2015-01-26 Thread Nick Pentreath
Your output folder specifies

rdd.saveAsTextFile(s3n://nexgen-software/dev/output);

So it will try to write to /dev/output which is as expected. If you create
the directory /dev/output upfront in your bucket, and try to save it to
that (empty) directory, what is the behaviour?

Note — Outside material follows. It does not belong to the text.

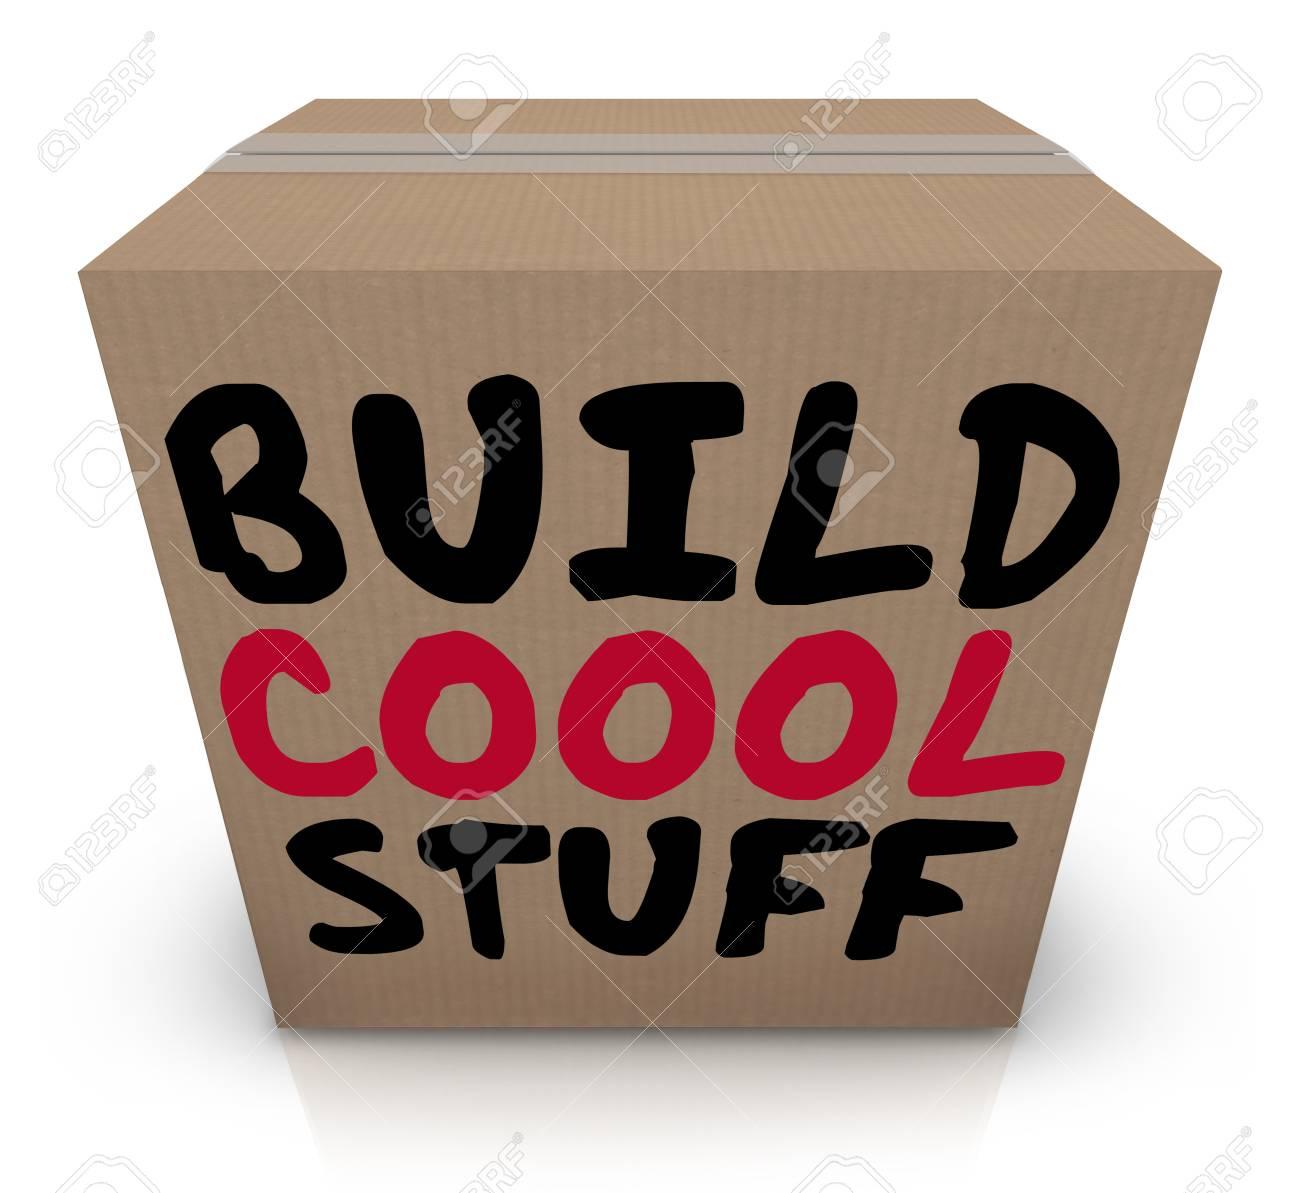 Build Cool Stuff Box Project Tools Materials Make Invent 3d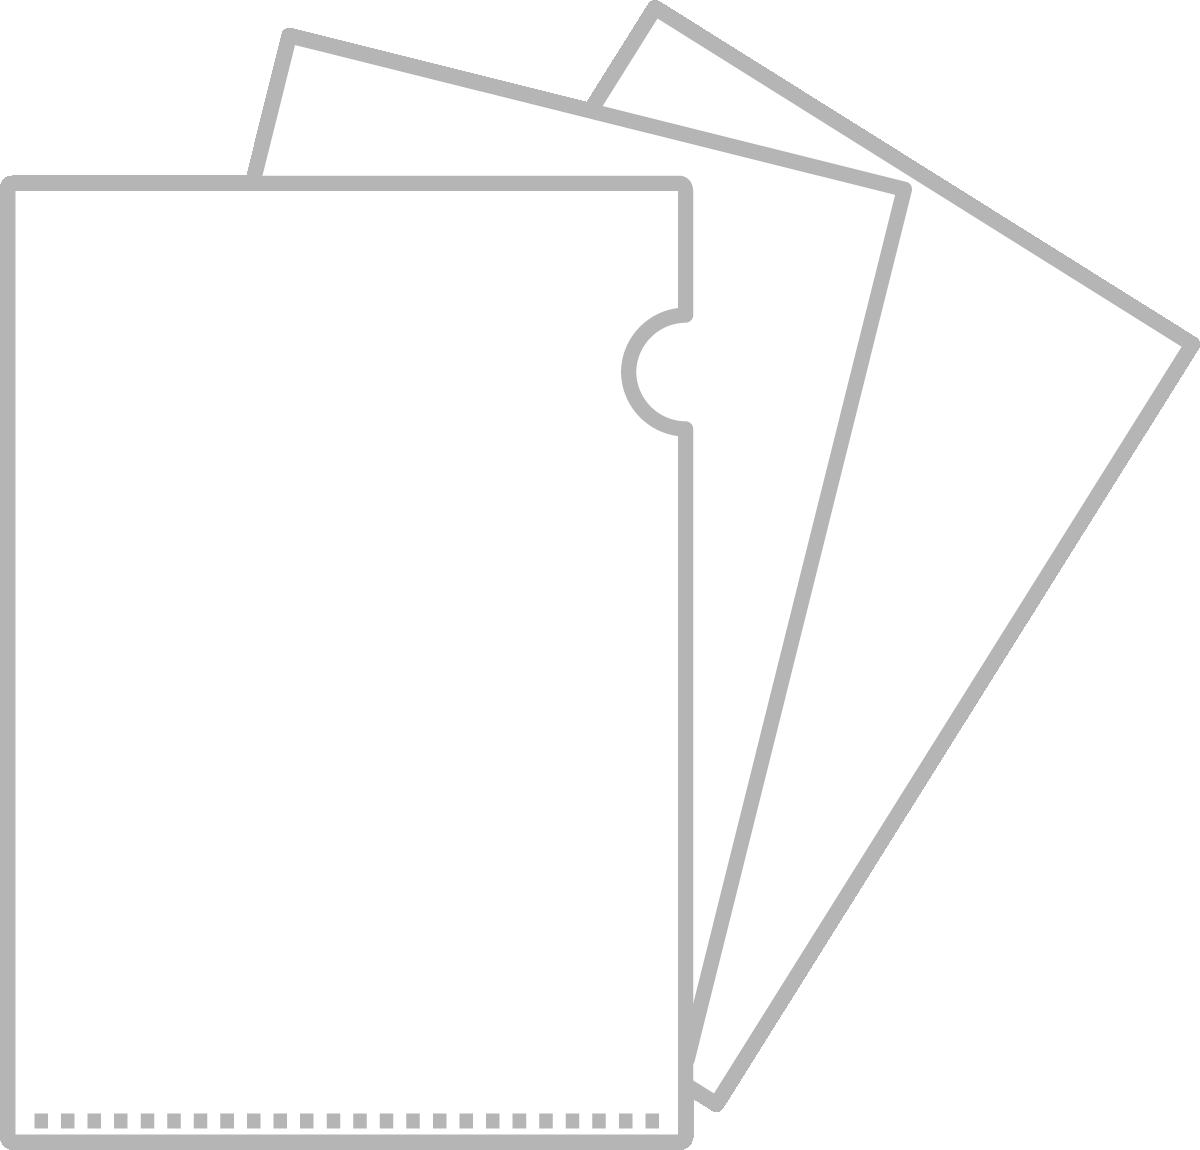 ブライダルフェア 整理ファイル

On Tue, Jan 27, 2015 at 6:21 AM, Chen, Kevin kevin.c...@neustar.biz wrote:

  Does anyone know if I can save a RDD as a text file to a pre-created
 directory in S3 bucket?

  I have a directory created in S3 bucket: //nexgen-software/dev

  When I tried to save a RDD as text file in this directory:
 rdd.saveAsTextFile(s3n://nexgen-software/dev/output);


  I got following exception at runtime:

 Exception in thread main org.apache.hadoop.fs.s3.S3Exception:
 org.jets3t.service.S3ServiceException: S3 HEAD request failed for '/dev' -
 ResponseCode=403, ResponseMessage=Forbidden


  I have verified /dev has write permission. However, if I grant the
 bucket //nexgen-software write permission, I don't get exception. But the
 output is not created under dev. Rather, a different /dev/output directory
 is created directory in the bucket (//nexgen-software). Is this how
 saveAsTextFile behalves in S3? Is there anyway I can have output created
 under a pre-defied directory.


  Thanks in advance.







Re: SaveAsTextFile to S3 bucket

2015-01-26 Thread Chen, Kevin
When spark saves rdd to a text file, the directory must not exist upfront. It 
will create a directory and write the data to part- under that directory. 
In my use case, I create a directory dev in the bucket ://nexgen-software/dev . 
I expect it creates output direct under dev and a part- under output. But 
it gave me exception as I only give write permission to dev not the bucket. If 
I open up write permission to bucket, it worked. But it did not create output 
directory under dev, it rather creates another dev/output directory under 
bucket. I just want to know if it is possible to have output directory created 
under dev directory I created upfront.

From: Nick Pentreath nick.pentre...@gmail.commailto:nick.pentre...@gmail.com
Date: Monday, January 26, 2015 9:15 PM
To: user@spark.apache.orgmailto:user@spark.apache.org 
user@spark.apache.orgmailto:user@spark.apache.org
Subject: Re: SaveAsTextFile to S3 bucket

Your output folder specifies

rdd.saveAsTextFile(s3n://nexgen-software/dev/output);

So it will try to write to /dev/output which is as expected. If you create the 
directory /dev/output upfront in your bucket, and try to save it to that 
(empty) directory, what is the behaviour?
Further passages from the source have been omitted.